### YOUR TASK
Without the images, repeat every line of the listing exactly.

### SUPPLIED DATA
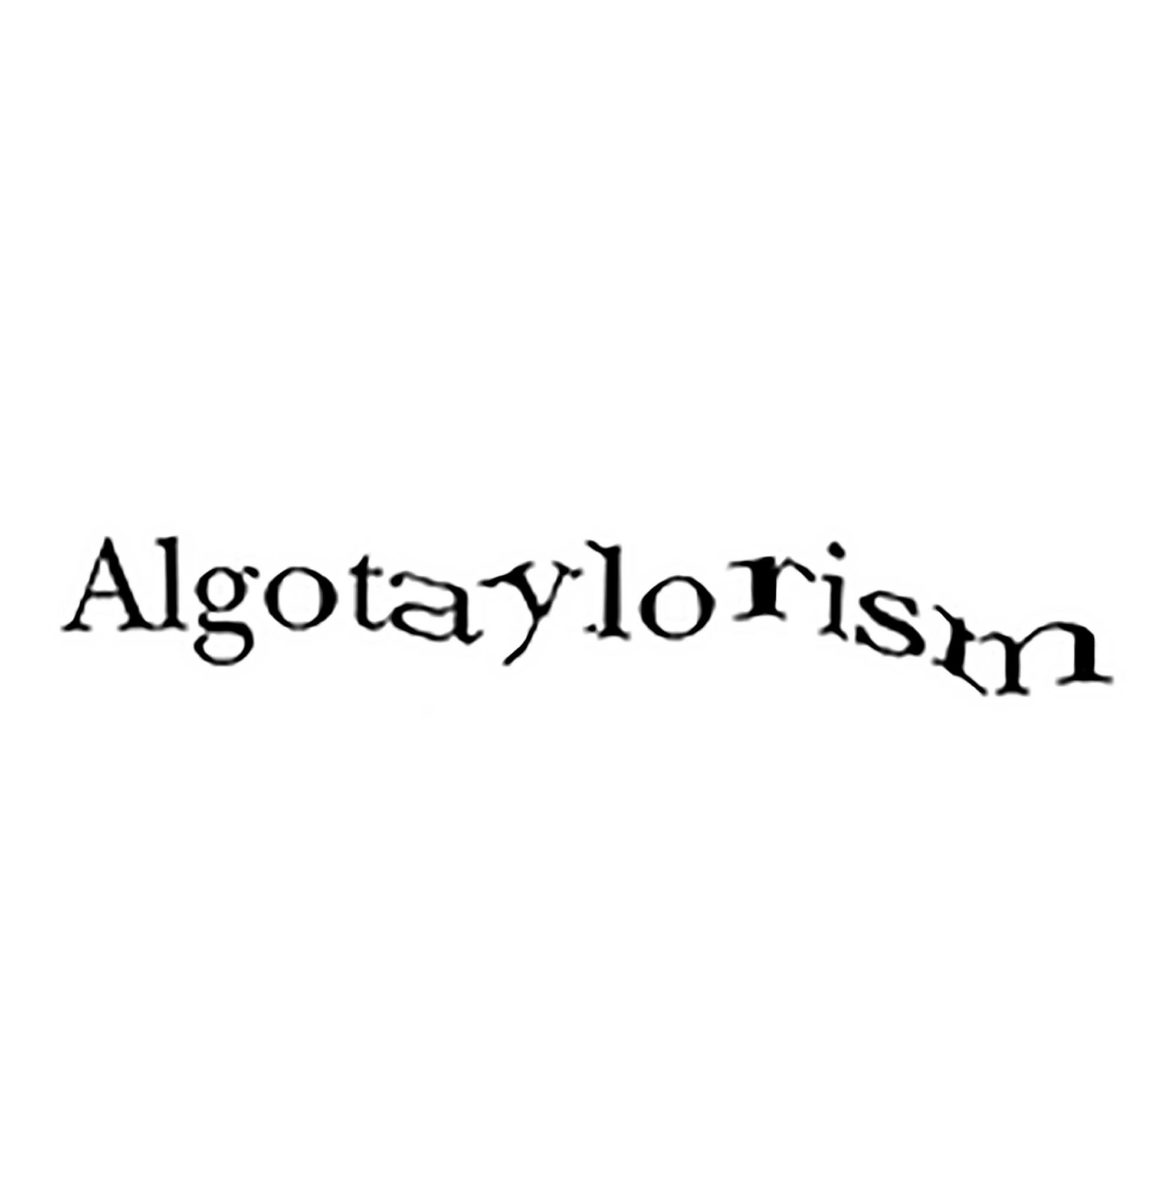 [ANNULATION] Visite commentée de l'exposition Algotaylorism
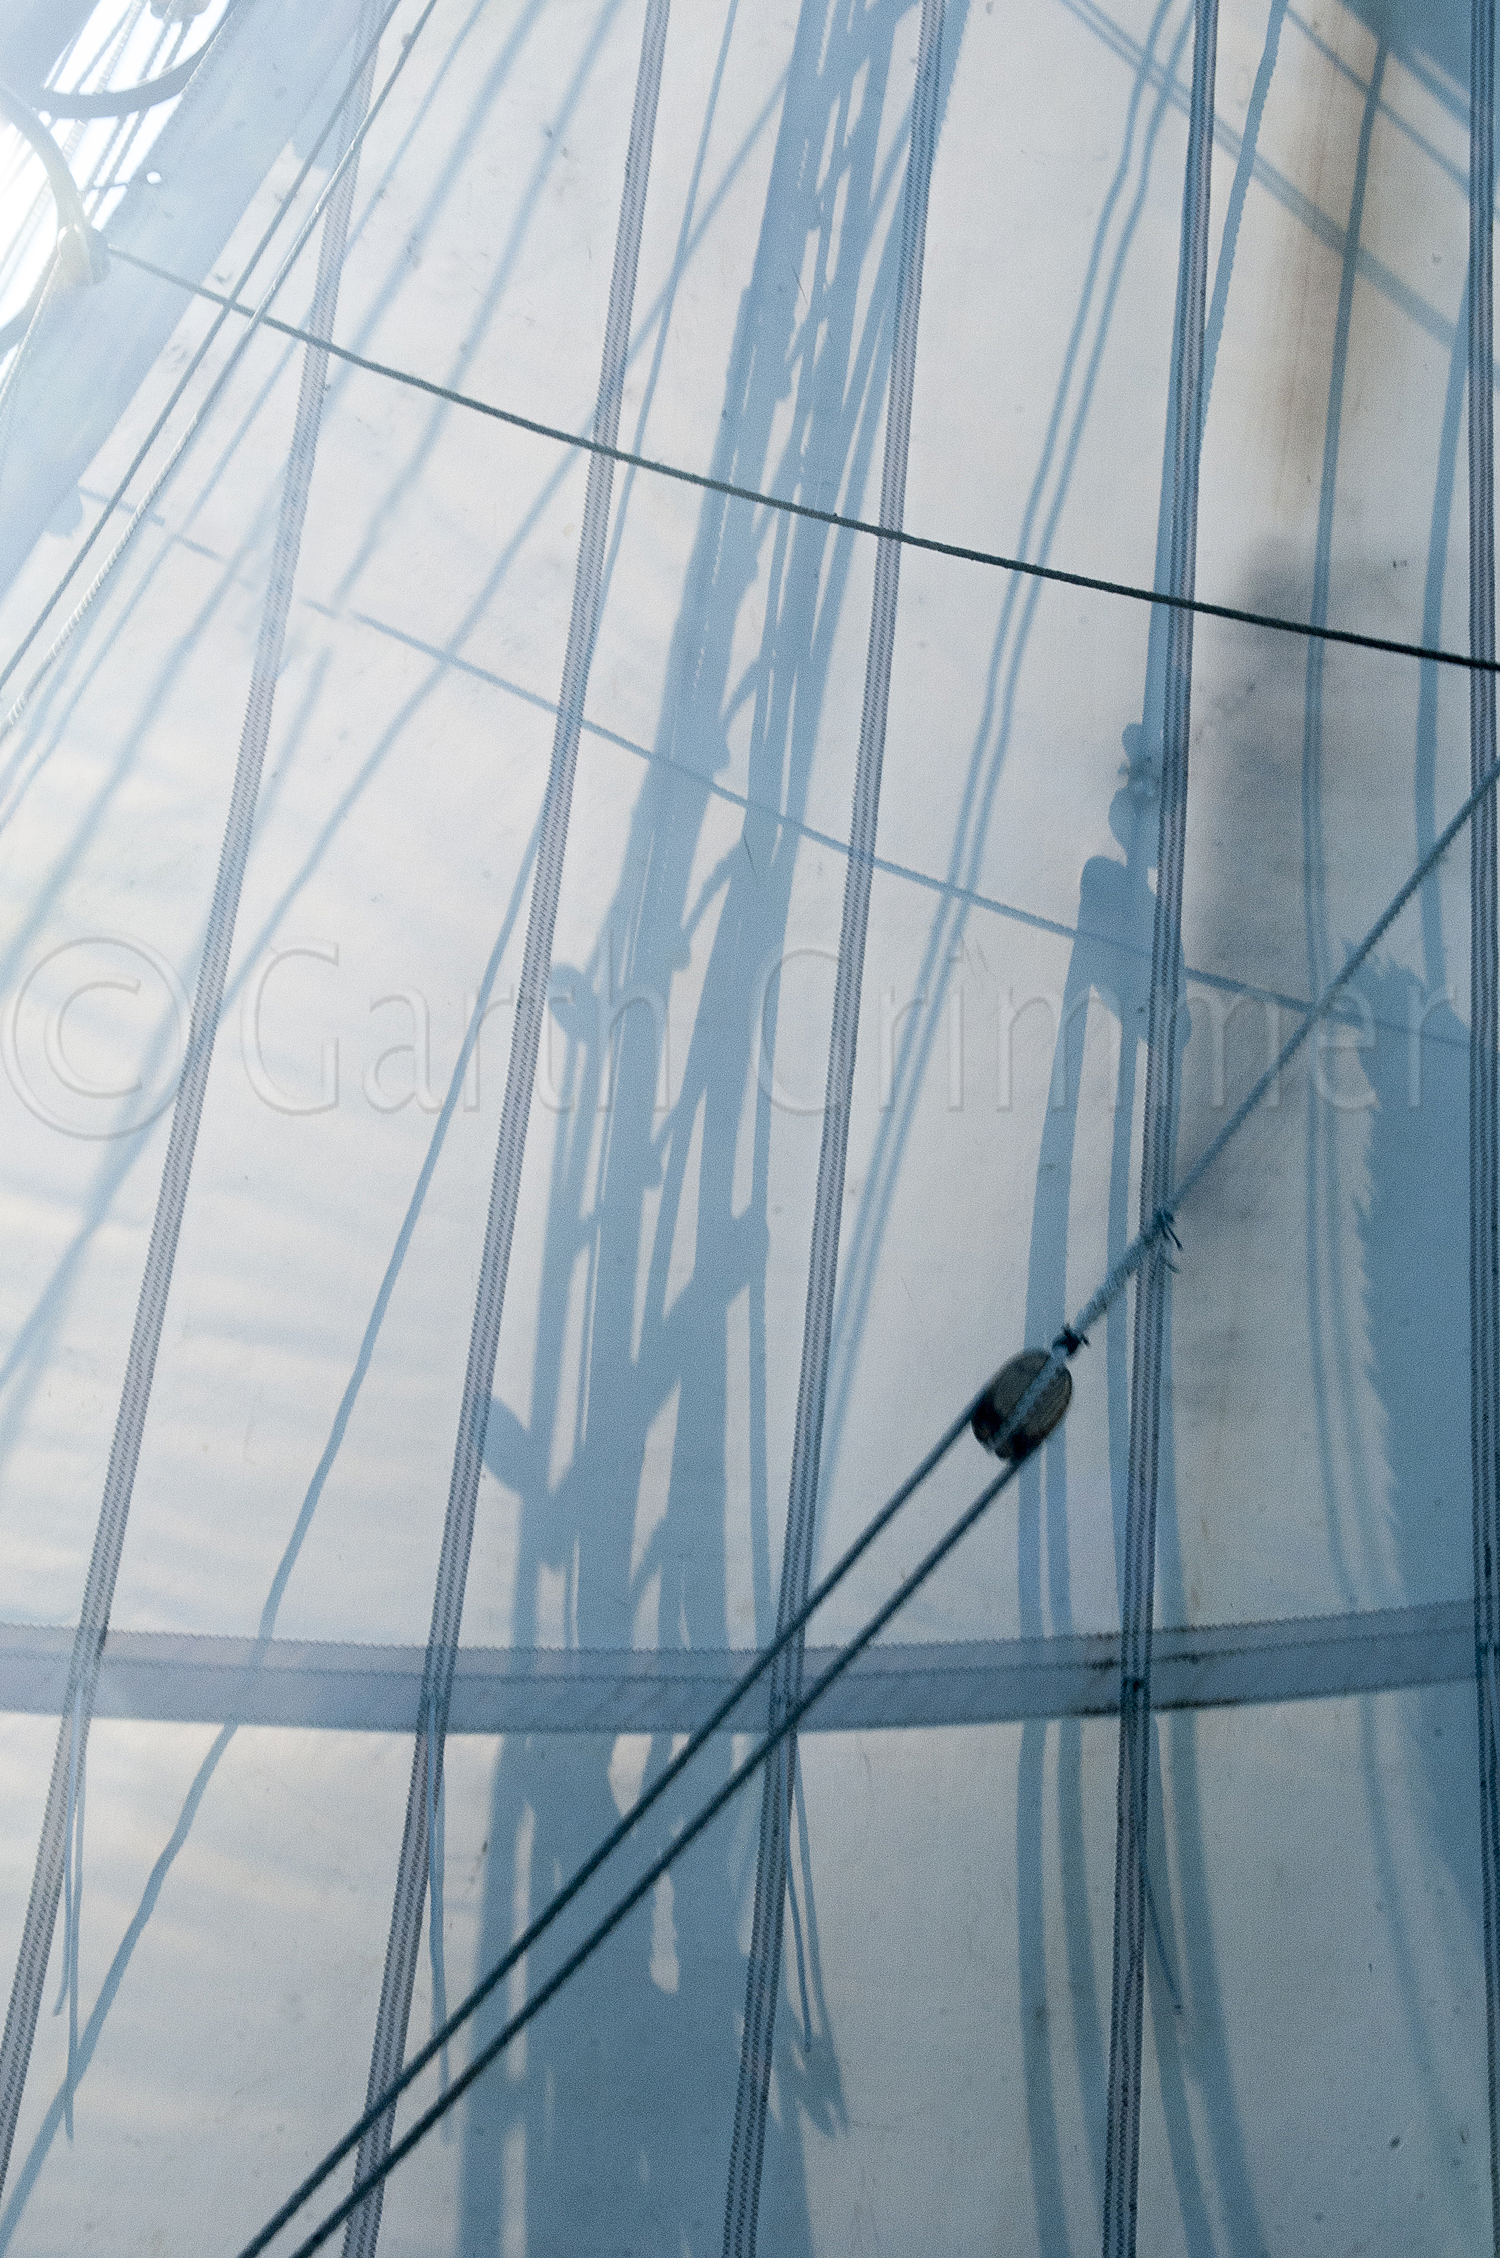 Shadows on the sail of tall ship Lynx
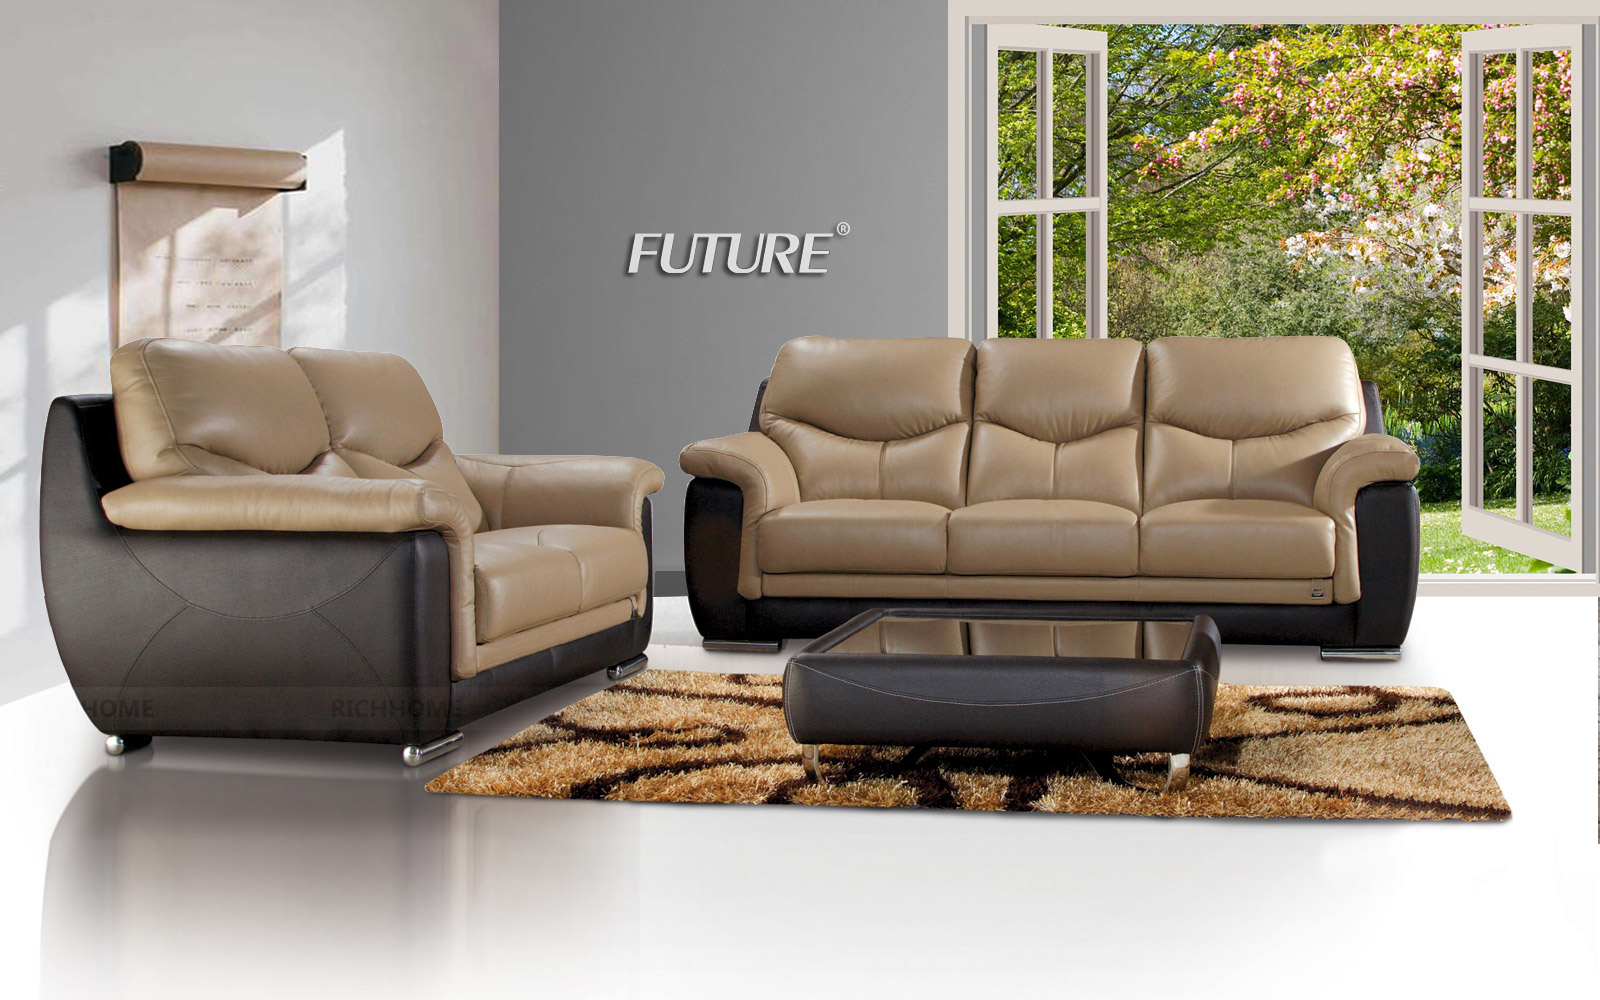 Kích thước bàn phòng khách chuẩn phù hợp với ghế sofa - Ảnh 4
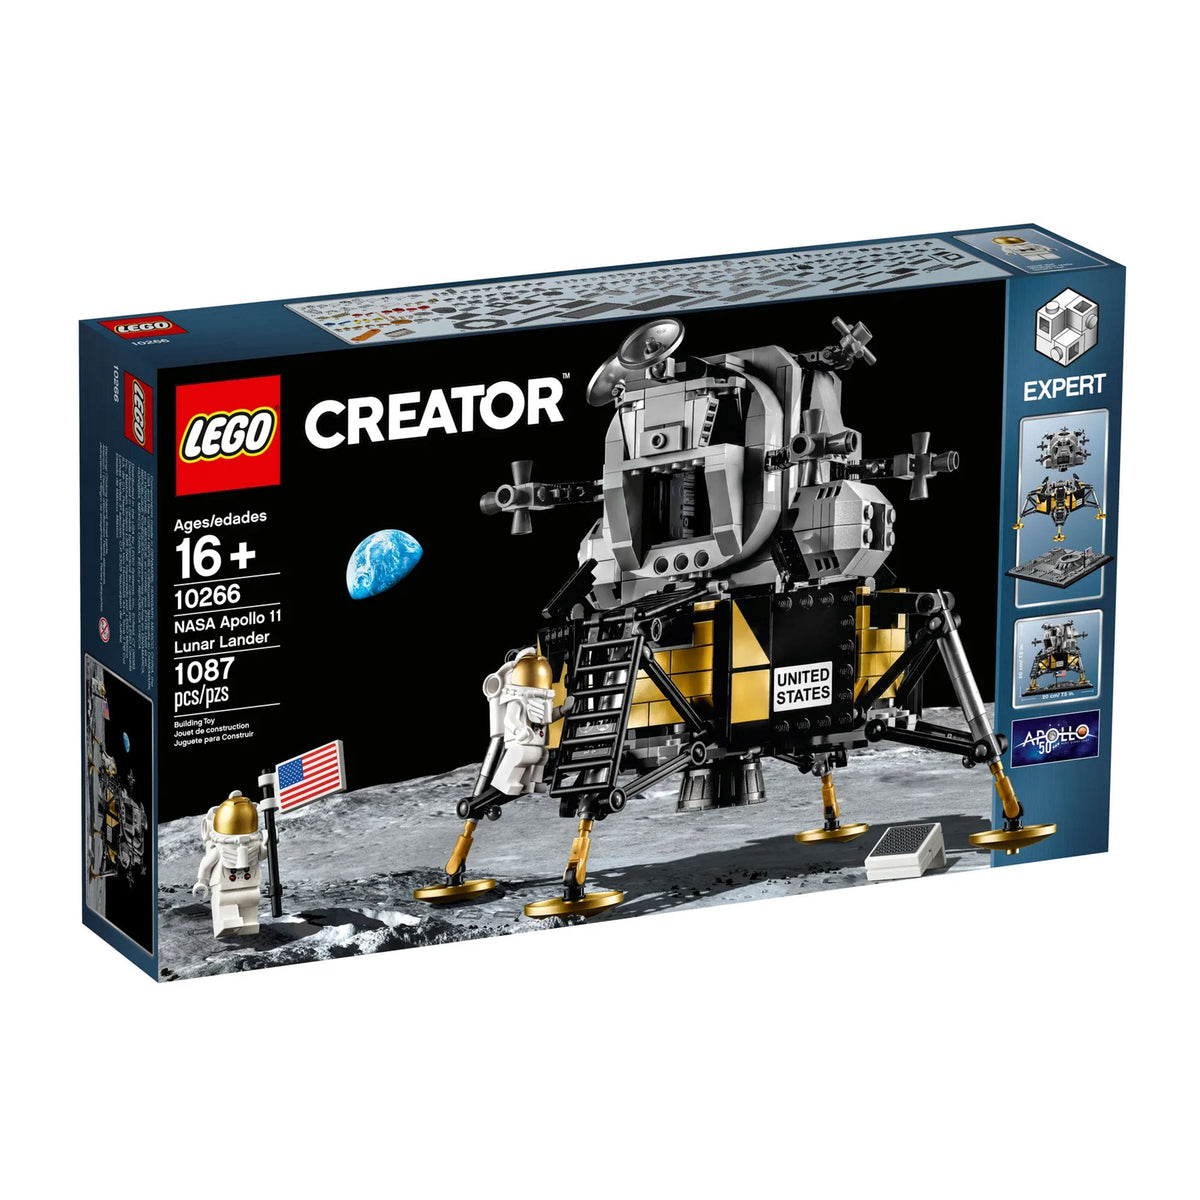 LEGO Toys & Games LEGO Creator NASA Apollo 11 Lunar Lander V39, 10266, Ages 16+, 1087 Pieces 673419302432

### FINISHED TASK
 [ANNULATION] Visite commentée de l'exposition Algotaylorism
 Shadows on the sail of tall ship Lynx
 Kích thước bàn phòng khách chuẩn phù hợp với ghế sofa - Ảnh 4
 LEGO Toys & Games LEGO Creator NASA Apollo 11 Lunar Lander V39, 10266, Ages 16+, 1087 Pieces 673419302432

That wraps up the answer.